MATERIAL AND METHODS: The GLUT-1 expression level of 234 consecutive gastric cancer samples was detected by immunohistochemical staining and evaluated by semiquantitative analysis. The clinicopathological data and expression level of GLUT-1 of enrolled patients were retrospectively analyzed with univariate and multivariate analyses.
RESULTS: Tumor size, depth of invasion, and Lauren classification were independent factors related to GLUT-1 expression (P<0.05). Within advanced gastric cancer, tumor size and Lauren type were independent factors associated with GLUT-1 (P=0.011, P<0.001, respectively). The mean survival time of GLUT-1-positive patients with stage M0 advanced gastric cancer who had undergone radical gastrectomy was shorter than that of GLUT-1-negative patients (61.26±6.12 versus 80.88±7.38, P=0.044). GLUT-1 was an independent prognosis factor in locally advanced gastric cancer patients who had undergone radical gastrectomy (hazard ratio [HR] 1.769, P=0.046).
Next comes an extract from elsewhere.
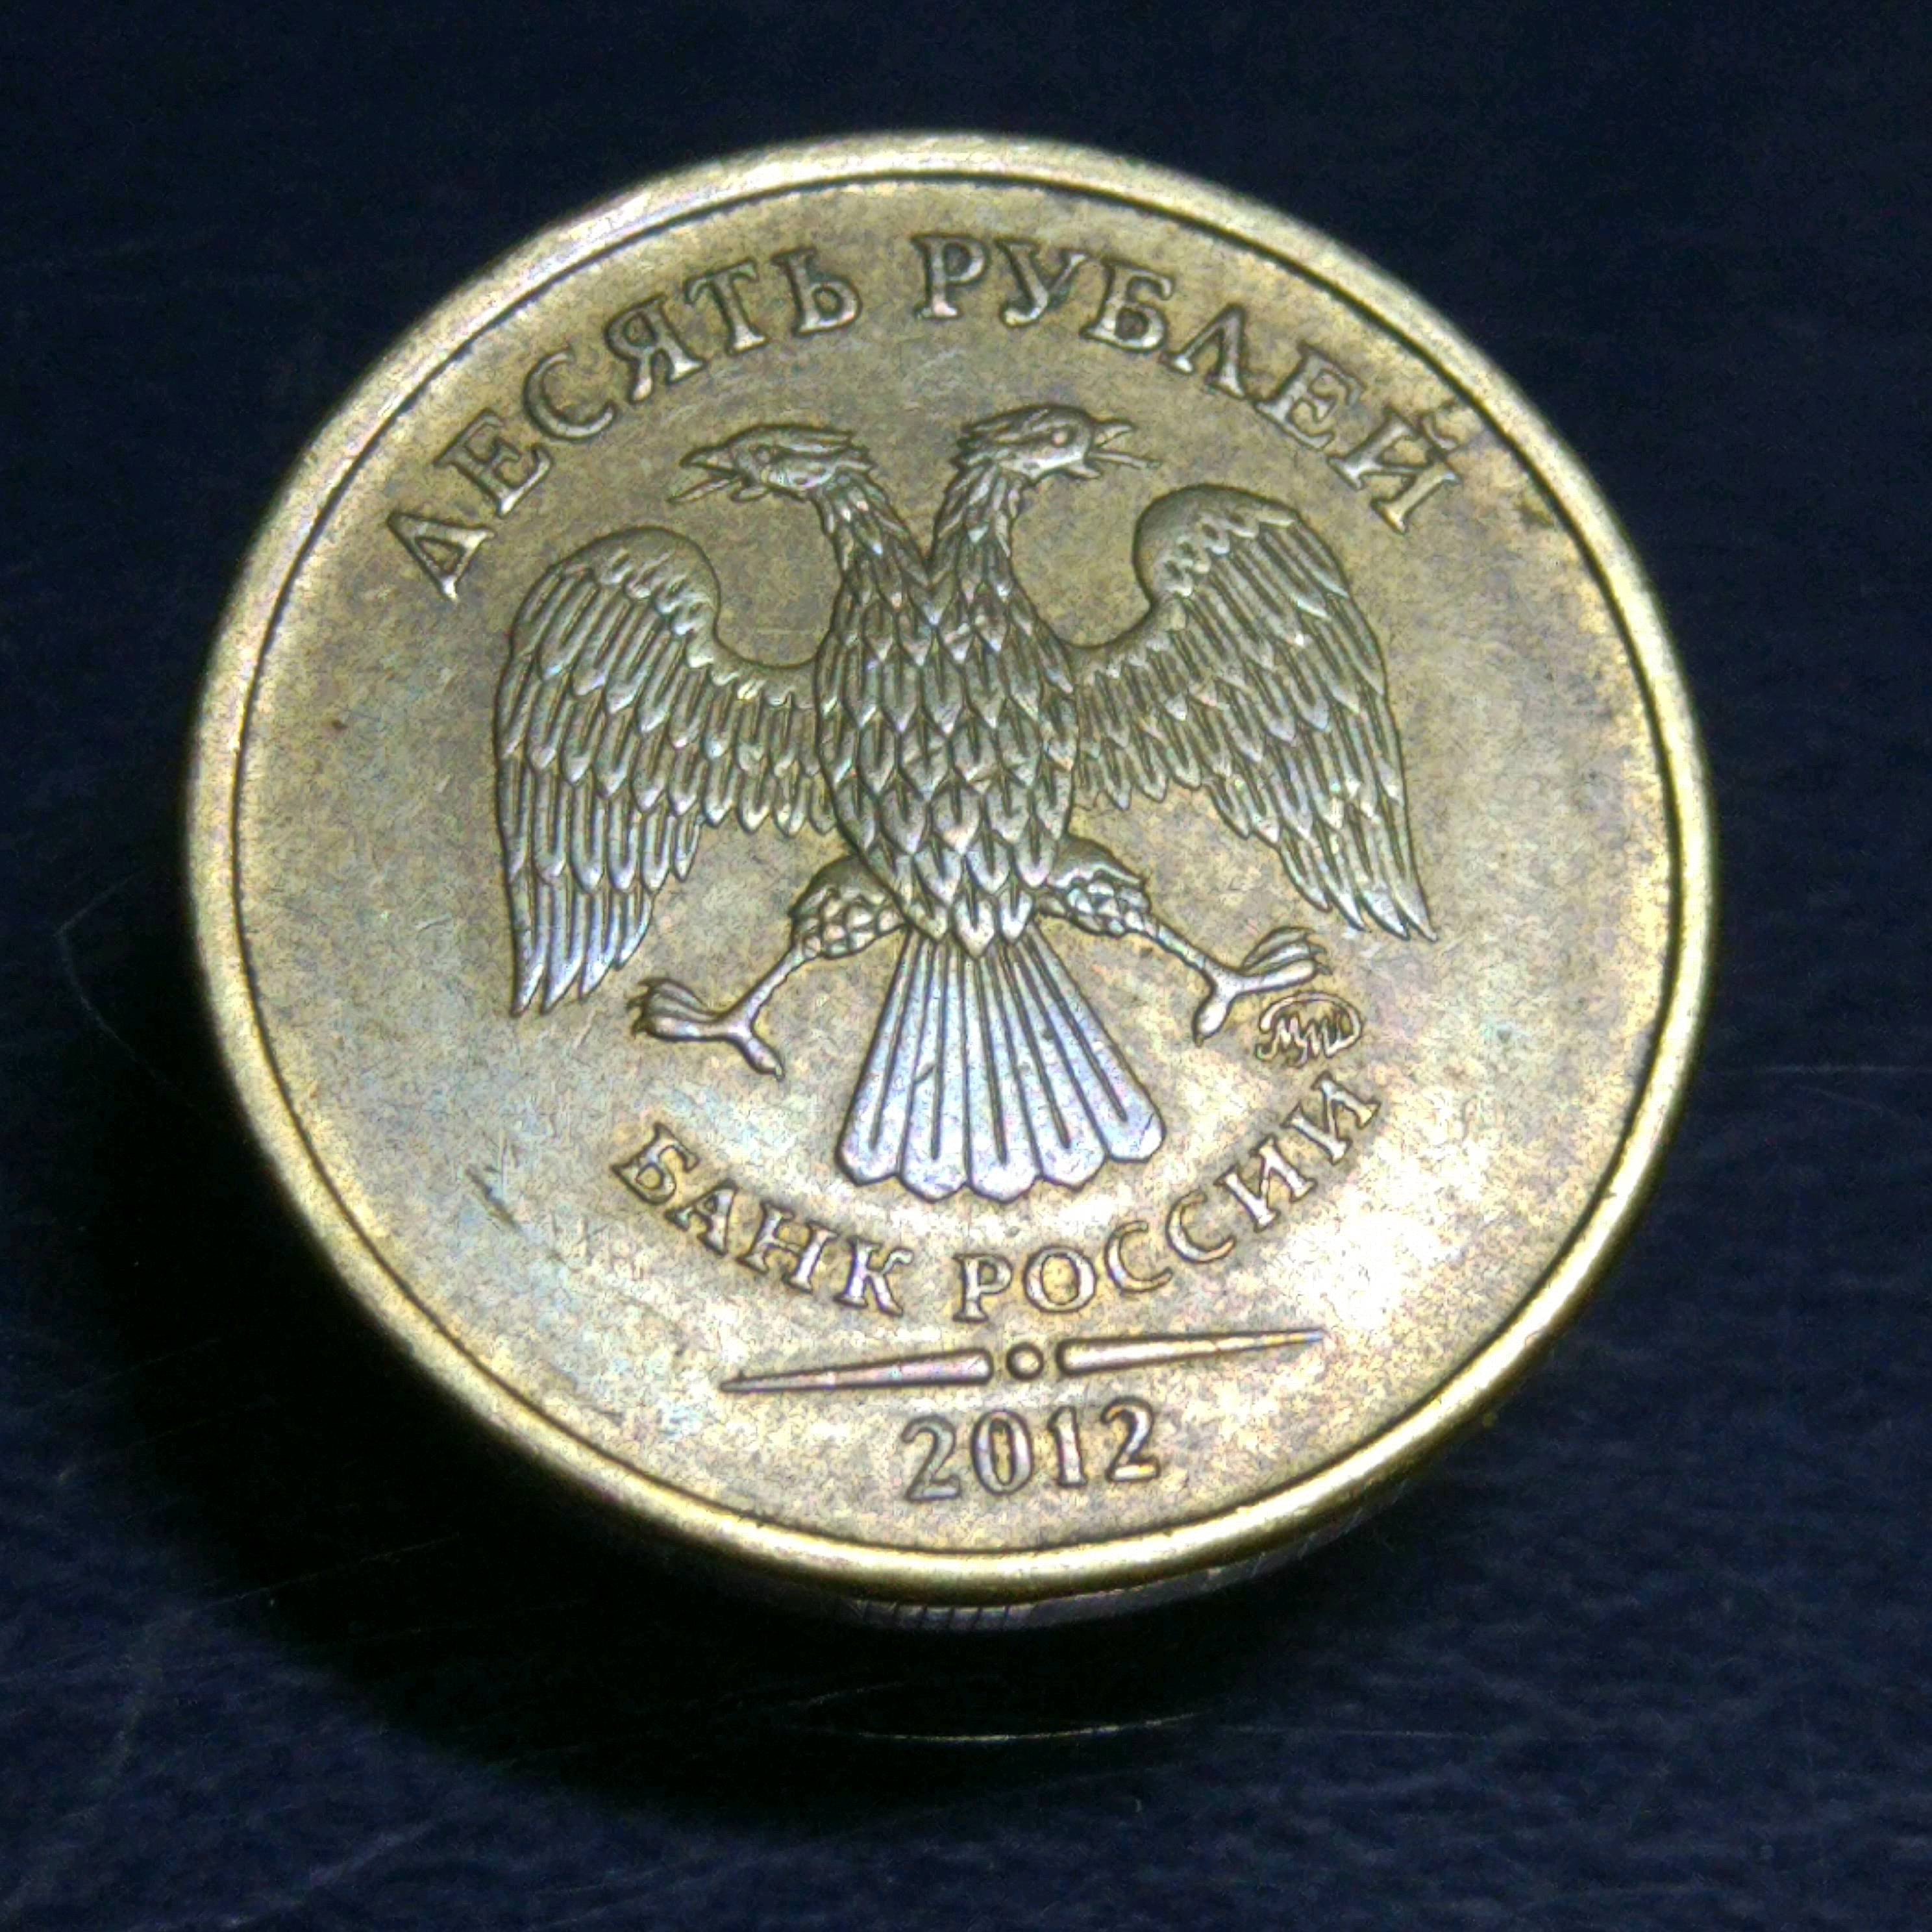 0元起拍,俄罗斯10卢布硬币1枚多年收藏,实物拍

The mean survival time of adjuvant chemotherapy was significantly better than no adjuvant chemotherapy in the GLUT-1-positive group (71.10±6.88 versus 24.65±8.69, P<0.001) and in the GLUT-1 negative group (87.48±7.99 versus 49.39±11.71, P<0.001).
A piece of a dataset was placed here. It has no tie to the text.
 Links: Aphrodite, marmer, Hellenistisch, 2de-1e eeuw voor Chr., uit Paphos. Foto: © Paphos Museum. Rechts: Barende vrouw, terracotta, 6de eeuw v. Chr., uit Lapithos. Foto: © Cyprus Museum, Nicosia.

CONCLUSIONS: Tumor size and Lauren type independently affected GLUT-1 expression in advanced gastric cancer. GLUT-1 was not only related to poor prognosis but also predicted to be a metabolic biomarker for intestinal type in locally advanced gastric cancer. The relationship among GLUT-1, hepatic metastasis and chemotherapy regimens, and mechanism of chemotherapy responses related to GLUT-1 should be further investigated.